Barely ever, I'd always look at the linesman as soon as the ball crossed the line - aye you'd get some oblivious people who took maybe ten seconds. Having a 'fair result' is just not worth it for me for removing the best thing about football. I realize it's subjective and a tired debate so I'll refrain.
In my own view, I'd personally rather not NUFC won a cup final (as if we'd ever get to one ) if that win would forever be marred by a s*** decision, I'd want us to win it fair and square. But yeah, people in different corners won't convince the other at this point so it's as you say a bit tired at this stage.
Your argument is slightly flawed because VAR doesn’t guarantee a ‘fair result’. The offside calls cannot be accurately measured as accurately as they’re trying and football decisions are subjective in the main, there isn’t always a ‘right’ decision that everyone is in unanimous agreement about.
Does VAR overturn enough wrong decisions to make it worthwhile with all of the disruption? Absolutely not, imo. We’re having as many conversations about decisions as we always have, but now we’re having decisions about what is/what isn’t a ‘clear and obvious error’. So in actual fact, there is more controversy and more contentious decisions with the added bonus of large disruptions to the flow of the game and sucking the passion out of it.
Plus I disagree with your whole point about not feeling satisfied if we won a trophy through a bad decision.
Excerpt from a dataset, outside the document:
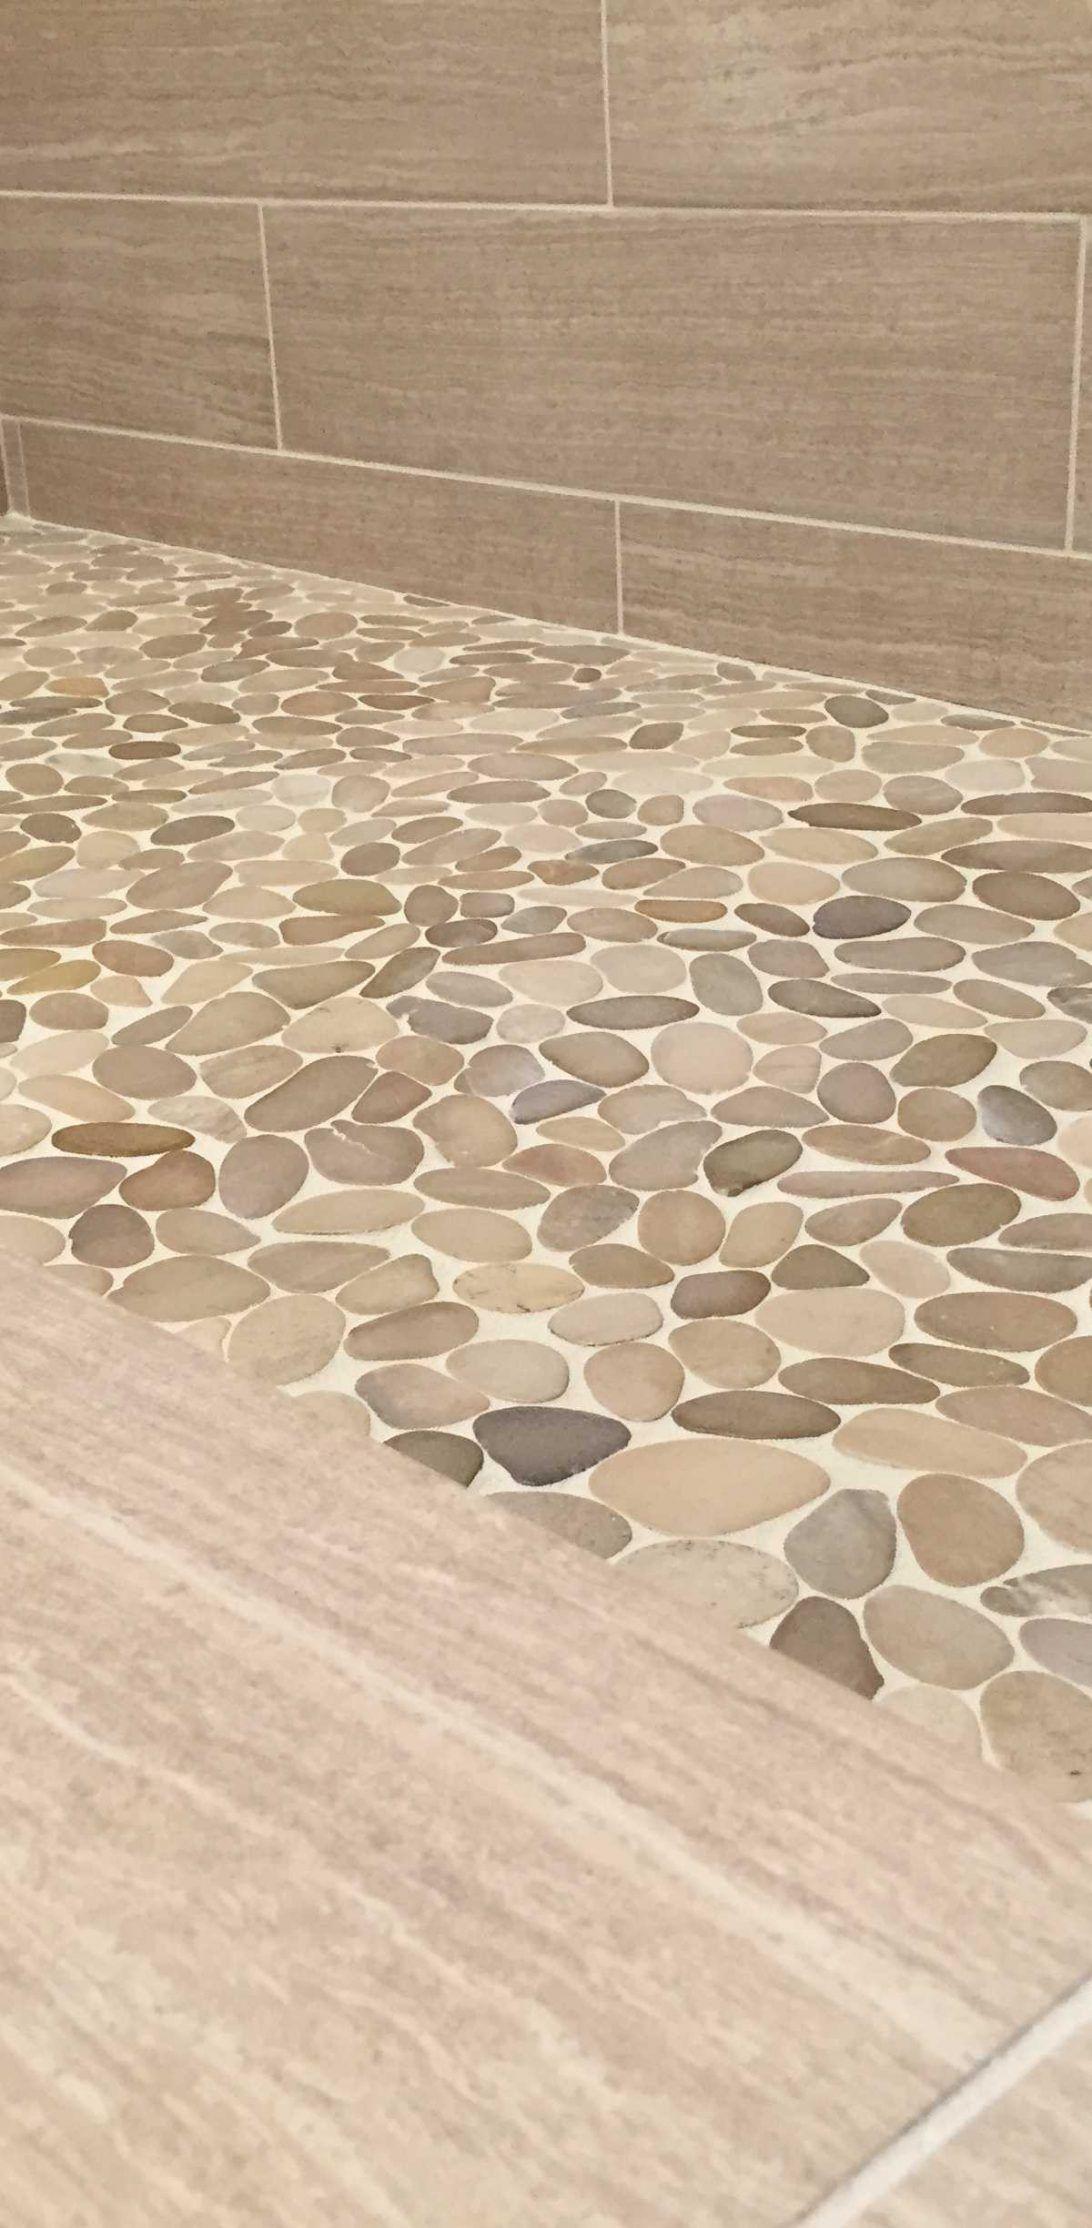 Lowes Pebble Tile Loose Shower Floor Pebble Tile Shower

We’ve had our fair share of s*** decisions, I couldn’t care less if we won the FA Cup 1-0 through Wilson throwing the ball in the net from a throw-in. It’d mean just as much as a 10-0 win. We’ve won f*** all, how can we be so fussy about where the win comes from?
Because it'd be tantamount to cheating and I, personally, would not enjoy it as much as if it wasn't won that way. I'm not saying others wouldn't enjoy it, just that I wouldn't, and that I am massively in favor of VAR and thinks it improves the enjoyment of the game a thousandfold for me. That said, it has a lot of wrinkles to iron out before it's perfect still, but I want it to get there and so it needs to steadily evolve and be used to iron out said wrinkles.